What you are asked to do:
The pictures in the listing below are to be skipped, while the lines between the line holding "Two children and" and the line holding "Together with ZATTOO", inclusive, are to be output exactly.

Available data:
────────────────

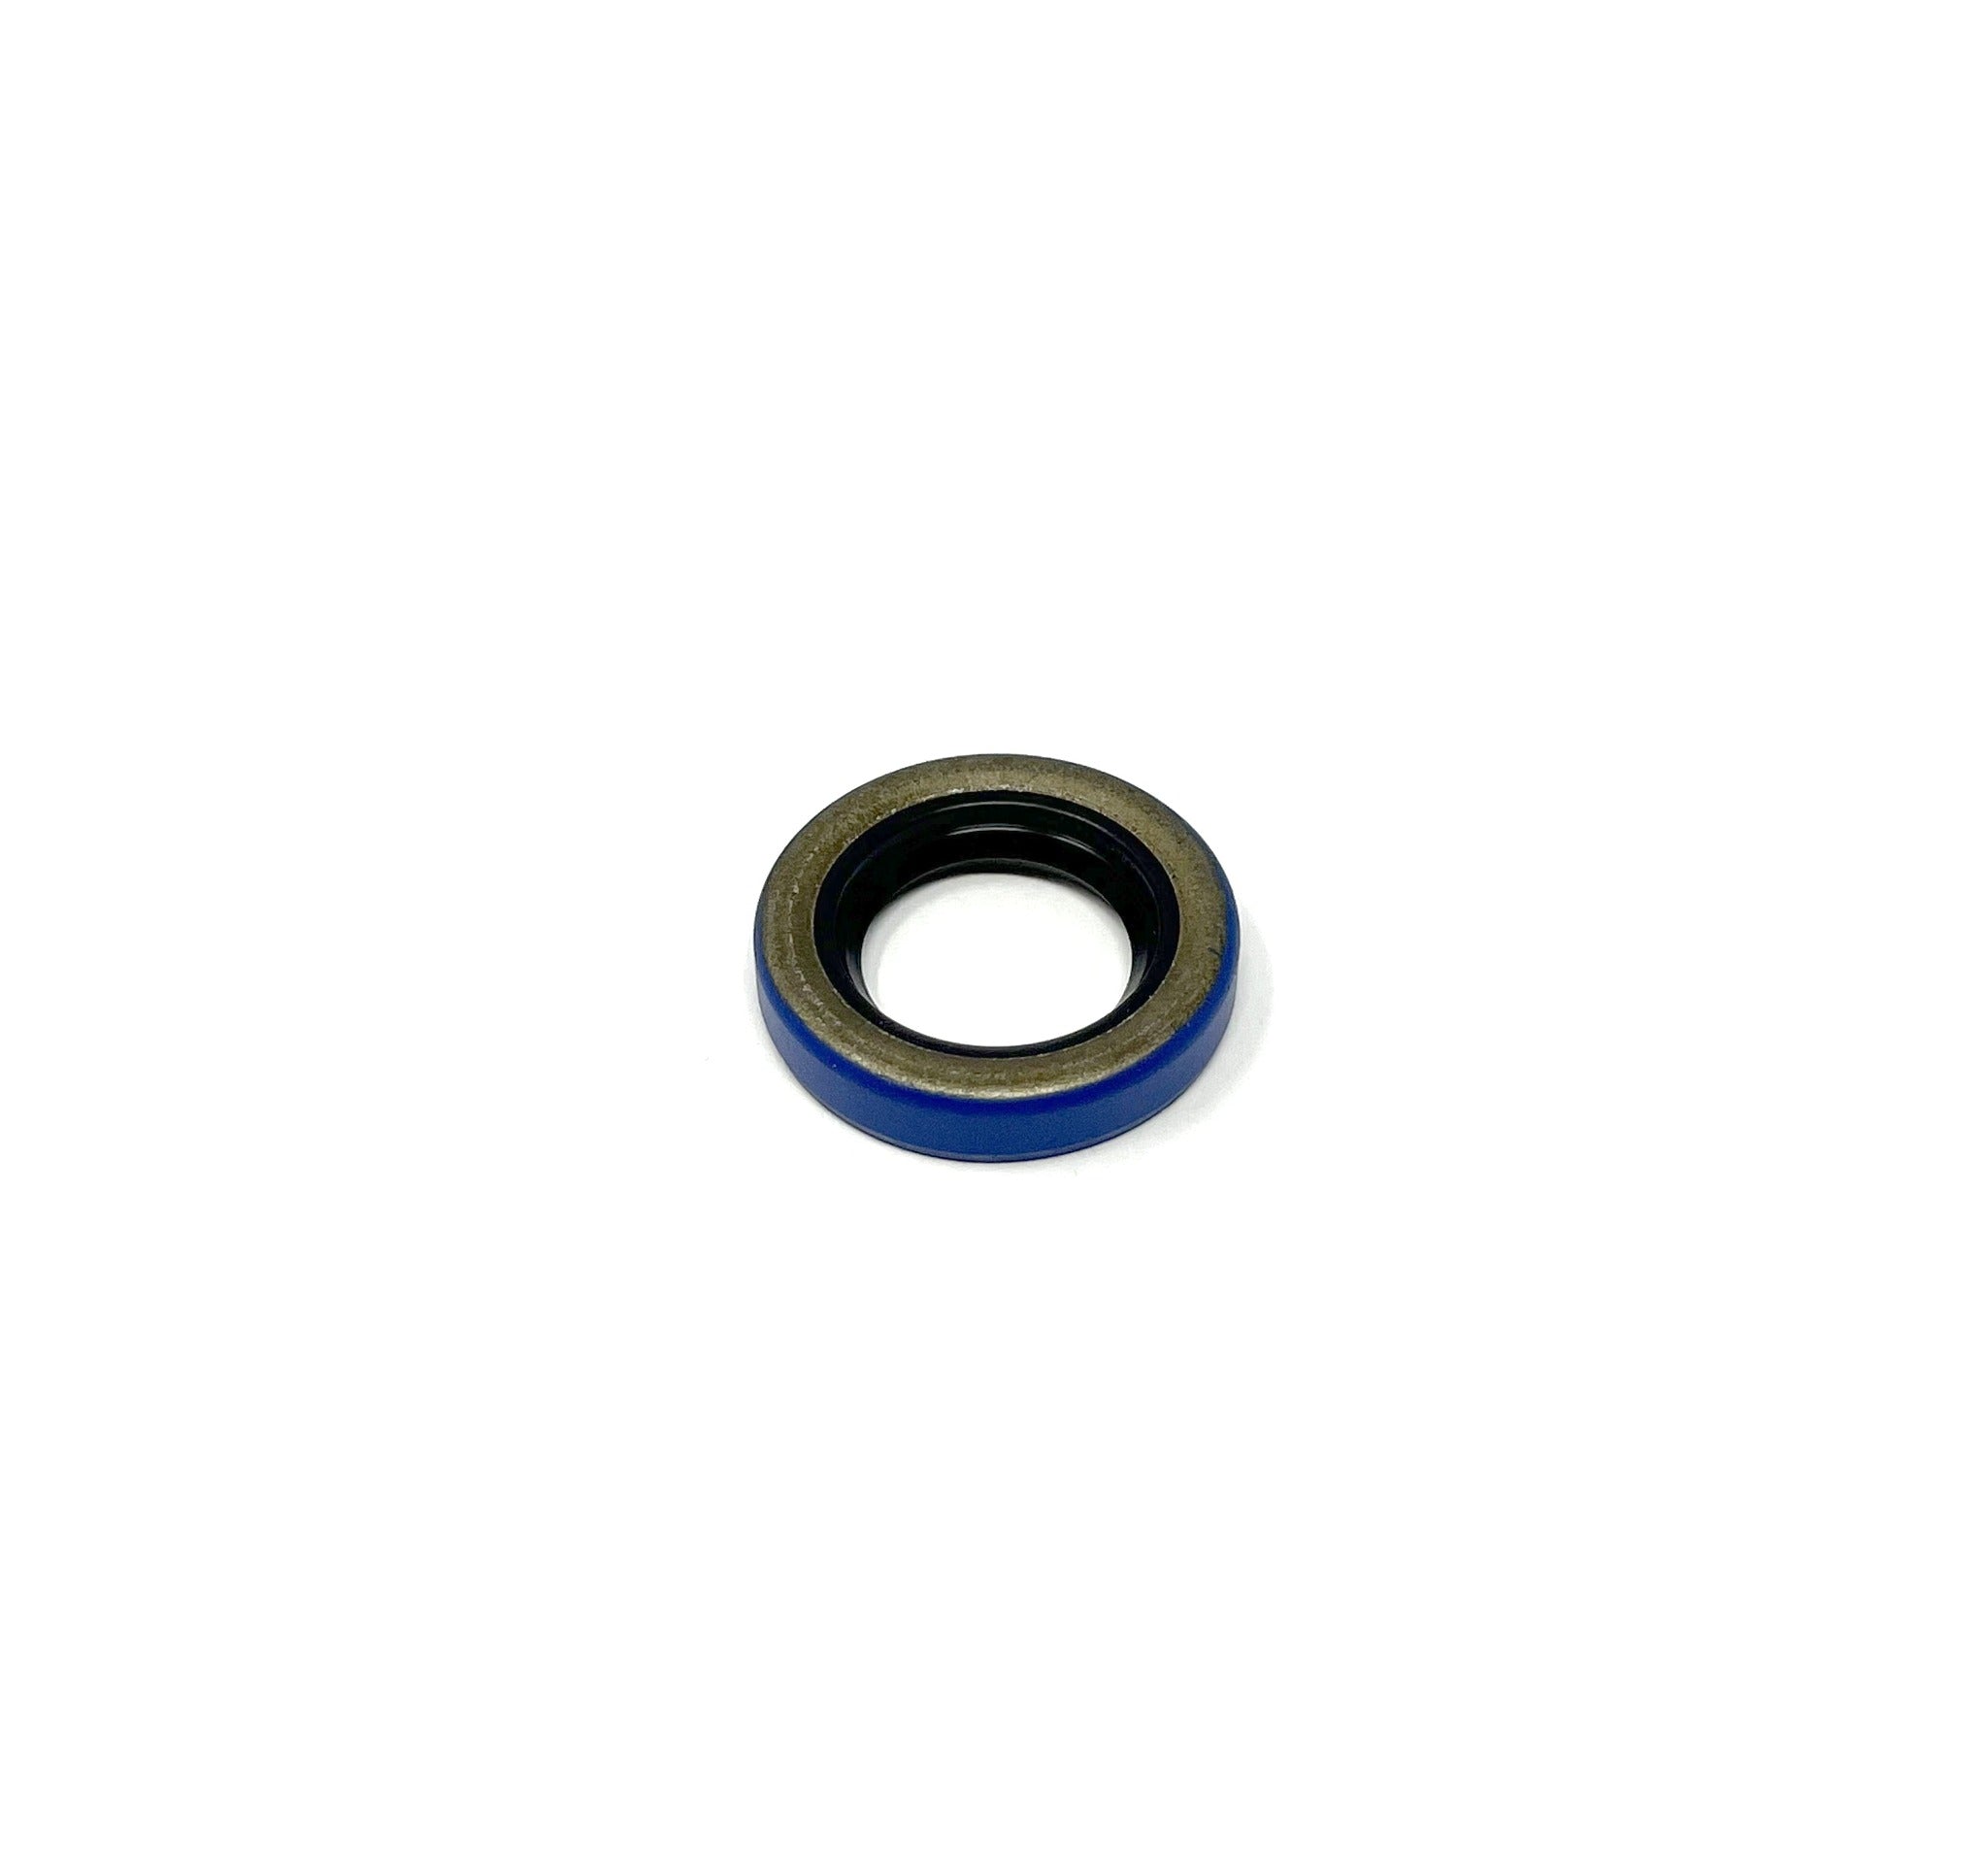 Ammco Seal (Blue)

────────────────

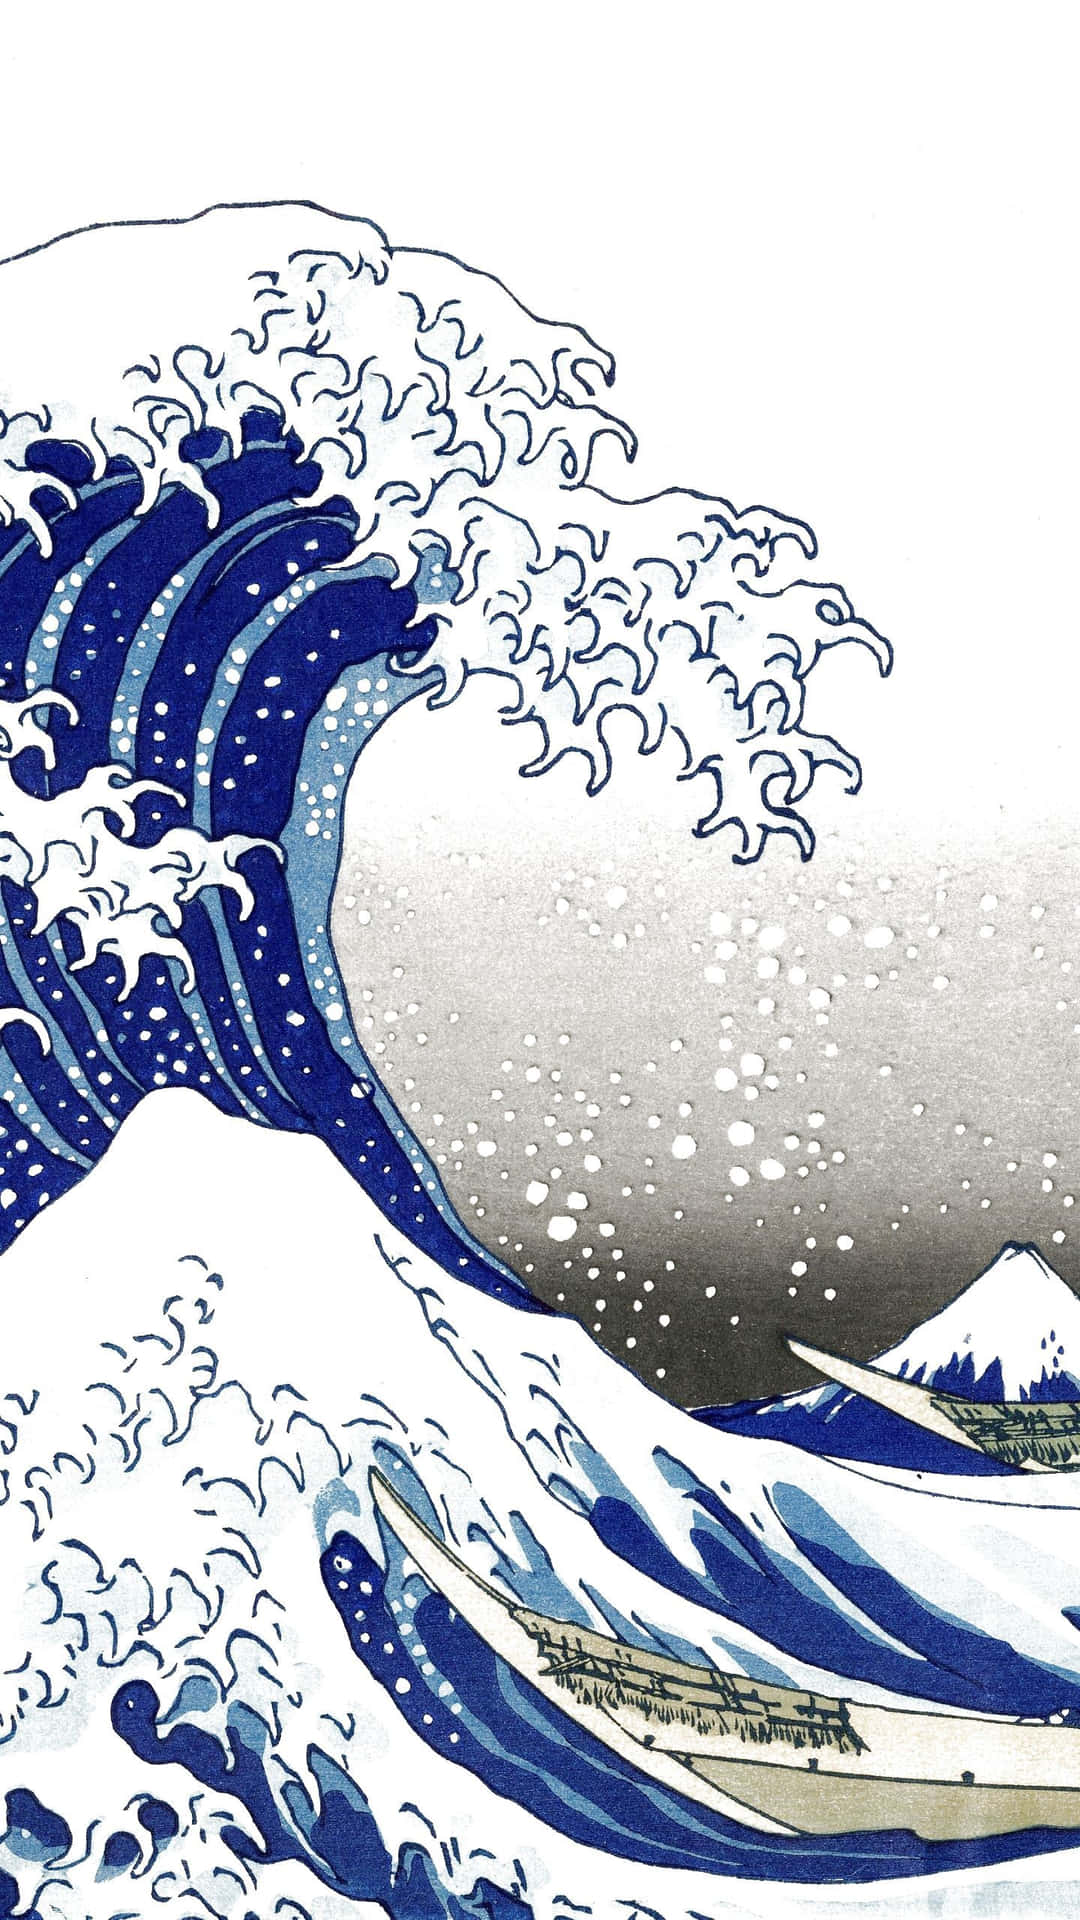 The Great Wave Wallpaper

────────────────

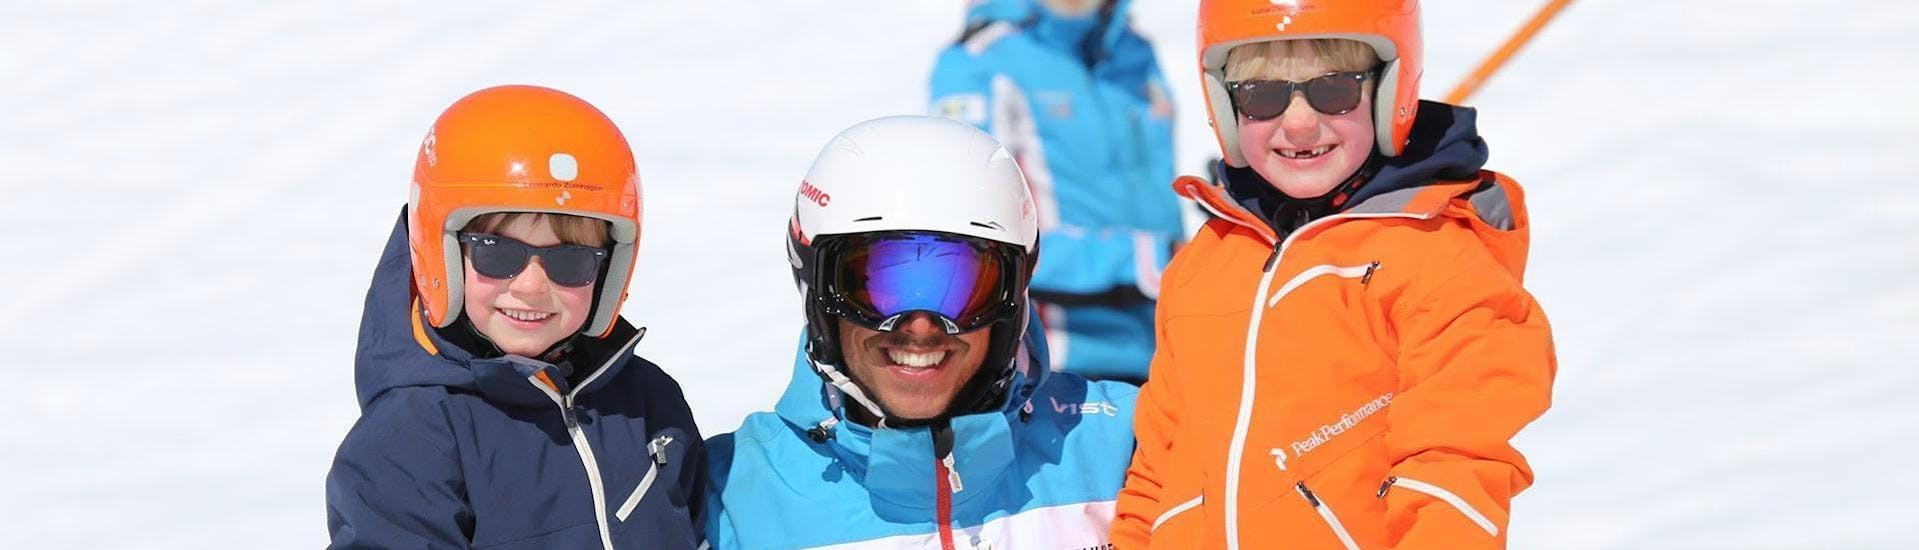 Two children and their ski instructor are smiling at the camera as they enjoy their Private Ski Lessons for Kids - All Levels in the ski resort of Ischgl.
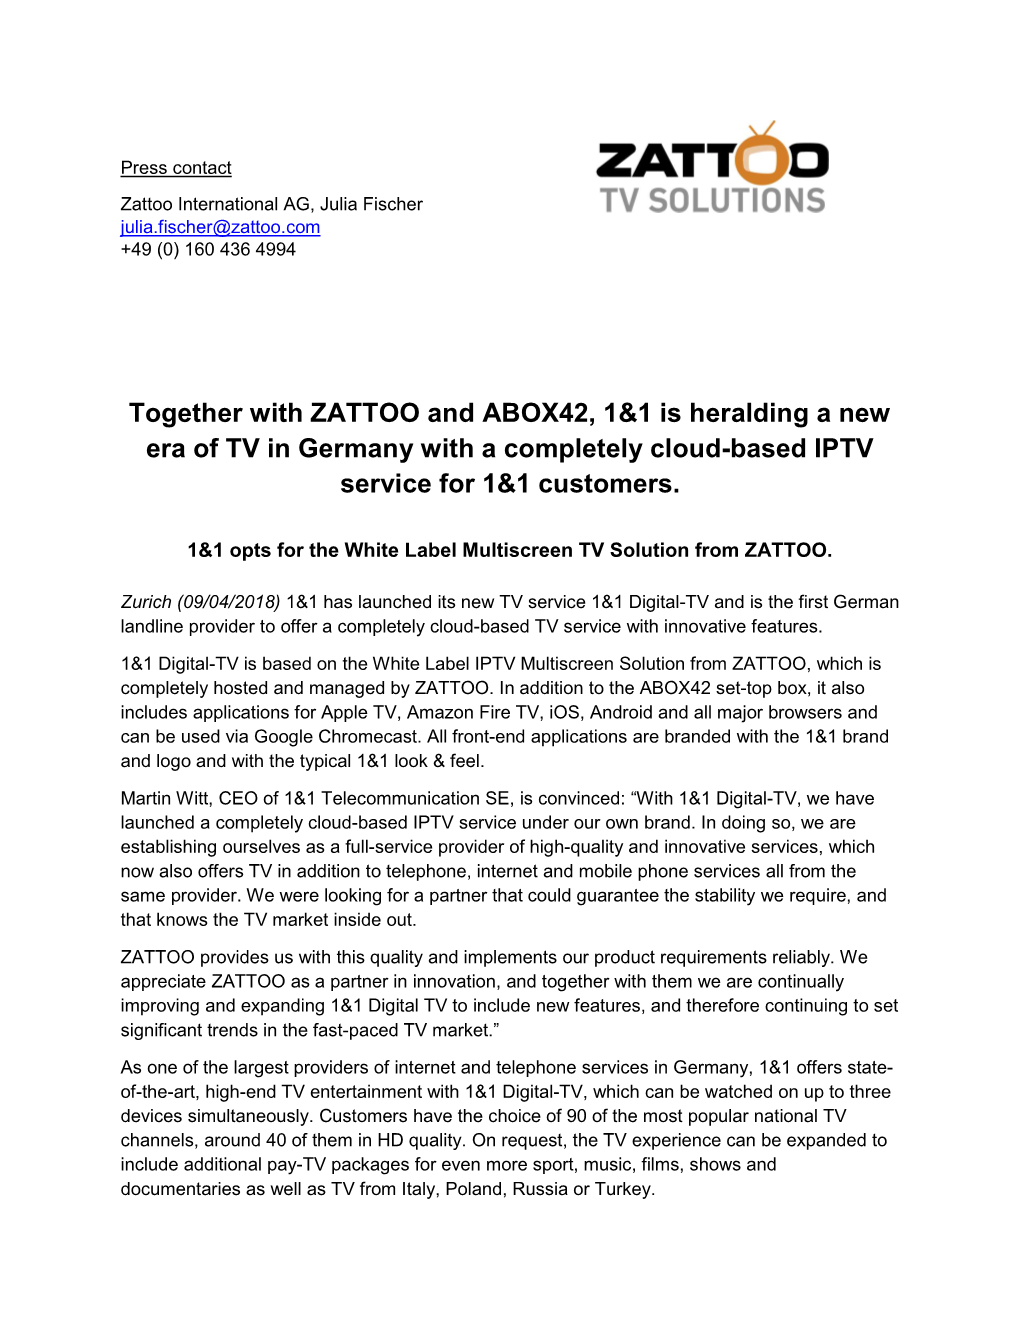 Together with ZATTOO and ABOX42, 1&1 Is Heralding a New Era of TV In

────────────────

Response area:
 Two children and their ski instructor are smiling at the camera as they enjoy their Private Ski Lessons for Kids - All Levels in the ski resort of Ischgl.
 Together with ZATTOO and ABOX42, 1&1 Is Heralding a New Era of TV In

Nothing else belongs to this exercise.